===== EXERCISE INPUTS =====

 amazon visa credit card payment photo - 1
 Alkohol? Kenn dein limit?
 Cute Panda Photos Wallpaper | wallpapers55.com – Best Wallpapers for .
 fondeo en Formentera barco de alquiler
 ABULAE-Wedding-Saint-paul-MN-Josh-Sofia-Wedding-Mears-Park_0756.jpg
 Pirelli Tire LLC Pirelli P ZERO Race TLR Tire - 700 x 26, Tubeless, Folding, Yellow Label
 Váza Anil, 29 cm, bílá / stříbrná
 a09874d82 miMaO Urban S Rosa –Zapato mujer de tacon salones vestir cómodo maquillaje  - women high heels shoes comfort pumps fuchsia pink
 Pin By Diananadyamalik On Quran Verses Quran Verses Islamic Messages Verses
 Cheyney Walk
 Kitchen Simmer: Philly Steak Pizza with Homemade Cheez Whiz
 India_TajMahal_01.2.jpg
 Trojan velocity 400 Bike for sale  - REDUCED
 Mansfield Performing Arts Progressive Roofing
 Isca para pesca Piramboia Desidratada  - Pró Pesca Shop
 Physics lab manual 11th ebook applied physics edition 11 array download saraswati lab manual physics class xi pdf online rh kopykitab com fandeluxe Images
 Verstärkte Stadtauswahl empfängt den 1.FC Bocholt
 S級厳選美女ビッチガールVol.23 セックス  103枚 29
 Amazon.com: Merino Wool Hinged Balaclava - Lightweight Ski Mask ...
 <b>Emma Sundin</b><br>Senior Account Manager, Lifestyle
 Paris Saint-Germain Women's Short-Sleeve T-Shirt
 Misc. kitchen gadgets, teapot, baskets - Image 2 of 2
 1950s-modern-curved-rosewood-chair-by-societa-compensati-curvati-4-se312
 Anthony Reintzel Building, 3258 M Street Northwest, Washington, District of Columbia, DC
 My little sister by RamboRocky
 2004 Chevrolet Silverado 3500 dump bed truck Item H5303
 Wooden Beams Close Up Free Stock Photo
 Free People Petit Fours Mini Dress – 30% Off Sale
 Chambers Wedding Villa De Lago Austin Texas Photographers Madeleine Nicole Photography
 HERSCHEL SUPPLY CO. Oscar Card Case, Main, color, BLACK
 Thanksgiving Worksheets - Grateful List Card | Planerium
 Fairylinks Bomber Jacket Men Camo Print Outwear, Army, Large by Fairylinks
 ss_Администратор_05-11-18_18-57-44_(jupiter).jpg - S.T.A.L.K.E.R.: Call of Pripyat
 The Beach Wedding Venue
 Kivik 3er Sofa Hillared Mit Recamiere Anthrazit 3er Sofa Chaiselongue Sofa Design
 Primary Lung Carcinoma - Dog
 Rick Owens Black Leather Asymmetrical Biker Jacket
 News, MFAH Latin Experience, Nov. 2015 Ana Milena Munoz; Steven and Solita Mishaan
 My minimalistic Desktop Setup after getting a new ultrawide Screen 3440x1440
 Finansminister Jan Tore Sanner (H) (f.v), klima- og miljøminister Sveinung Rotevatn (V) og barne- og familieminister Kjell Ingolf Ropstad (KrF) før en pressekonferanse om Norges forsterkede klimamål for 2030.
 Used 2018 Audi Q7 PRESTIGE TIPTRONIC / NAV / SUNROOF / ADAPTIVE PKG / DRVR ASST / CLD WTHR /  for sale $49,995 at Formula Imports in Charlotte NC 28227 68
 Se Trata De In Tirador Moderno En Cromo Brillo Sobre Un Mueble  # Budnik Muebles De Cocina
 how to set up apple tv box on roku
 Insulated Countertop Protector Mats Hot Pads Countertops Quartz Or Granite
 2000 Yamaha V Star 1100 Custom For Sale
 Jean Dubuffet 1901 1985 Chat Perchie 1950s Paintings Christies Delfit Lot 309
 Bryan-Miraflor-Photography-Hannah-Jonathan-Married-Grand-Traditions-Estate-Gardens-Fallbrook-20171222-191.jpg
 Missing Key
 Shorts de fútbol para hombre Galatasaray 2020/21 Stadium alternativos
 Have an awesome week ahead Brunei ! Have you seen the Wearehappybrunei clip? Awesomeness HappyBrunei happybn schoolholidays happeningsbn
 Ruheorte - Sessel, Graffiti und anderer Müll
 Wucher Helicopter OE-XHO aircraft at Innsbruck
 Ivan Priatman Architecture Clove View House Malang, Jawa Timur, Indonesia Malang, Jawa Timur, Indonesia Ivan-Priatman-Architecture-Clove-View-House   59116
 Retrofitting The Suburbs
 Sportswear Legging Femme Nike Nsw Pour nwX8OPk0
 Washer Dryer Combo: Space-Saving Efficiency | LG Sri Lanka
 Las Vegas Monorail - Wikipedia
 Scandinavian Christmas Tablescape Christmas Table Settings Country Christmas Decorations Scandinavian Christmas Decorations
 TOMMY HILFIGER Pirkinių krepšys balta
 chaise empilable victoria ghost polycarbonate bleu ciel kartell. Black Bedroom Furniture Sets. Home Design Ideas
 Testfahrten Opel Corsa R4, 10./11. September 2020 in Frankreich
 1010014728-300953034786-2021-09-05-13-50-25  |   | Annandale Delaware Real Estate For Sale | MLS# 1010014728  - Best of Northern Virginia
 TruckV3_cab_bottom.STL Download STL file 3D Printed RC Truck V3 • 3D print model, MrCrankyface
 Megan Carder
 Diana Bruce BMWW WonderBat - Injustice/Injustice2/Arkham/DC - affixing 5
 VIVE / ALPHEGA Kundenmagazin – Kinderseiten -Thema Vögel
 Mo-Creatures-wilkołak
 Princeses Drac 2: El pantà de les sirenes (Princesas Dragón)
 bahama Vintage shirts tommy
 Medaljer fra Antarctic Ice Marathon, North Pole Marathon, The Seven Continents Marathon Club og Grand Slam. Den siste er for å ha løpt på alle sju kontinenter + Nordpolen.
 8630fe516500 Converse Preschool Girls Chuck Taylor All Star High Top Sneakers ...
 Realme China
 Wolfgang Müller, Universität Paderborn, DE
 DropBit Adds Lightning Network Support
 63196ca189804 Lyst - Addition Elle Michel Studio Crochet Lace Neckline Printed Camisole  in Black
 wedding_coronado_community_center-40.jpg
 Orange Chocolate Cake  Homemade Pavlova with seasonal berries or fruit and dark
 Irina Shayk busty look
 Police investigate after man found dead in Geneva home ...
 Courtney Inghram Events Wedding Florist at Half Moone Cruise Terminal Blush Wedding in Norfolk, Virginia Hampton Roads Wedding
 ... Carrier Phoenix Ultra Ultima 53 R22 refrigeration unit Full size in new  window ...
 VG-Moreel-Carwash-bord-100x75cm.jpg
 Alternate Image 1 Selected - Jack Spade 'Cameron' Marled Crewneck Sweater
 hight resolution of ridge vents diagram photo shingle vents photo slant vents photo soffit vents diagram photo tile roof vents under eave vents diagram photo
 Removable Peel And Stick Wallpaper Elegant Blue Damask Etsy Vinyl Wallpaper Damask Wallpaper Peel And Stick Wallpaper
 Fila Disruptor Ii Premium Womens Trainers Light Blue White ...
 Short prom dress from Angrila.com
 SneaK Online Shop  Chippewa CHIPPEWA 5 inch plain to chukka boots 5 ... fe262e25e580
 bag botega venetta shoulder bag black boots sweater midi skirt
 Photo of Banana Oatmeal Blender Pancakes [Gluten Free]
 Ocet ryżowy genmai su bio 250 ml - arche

=====

* ABOUT THIS EXERCISE: Using the entries above, return exactly the lines from the line with "Washer Dryer Combo: Space-Saving" to the line with "TOMMY HILFIGER Pirkinių krepšys balta", counting both of those lines.

* ANSWER:
 Washer Dryer Combo: Space-Saving Efficiency | LG Sri Lanka
 Las Vegas Monorail - Wikipedia
 Scandinavian Christmas Tablescape Christmas Table Settings Country Christmas Decorations Scandinavian Christmas Decorations
 TOMMY HILFIGER Pirkinių krepšys balta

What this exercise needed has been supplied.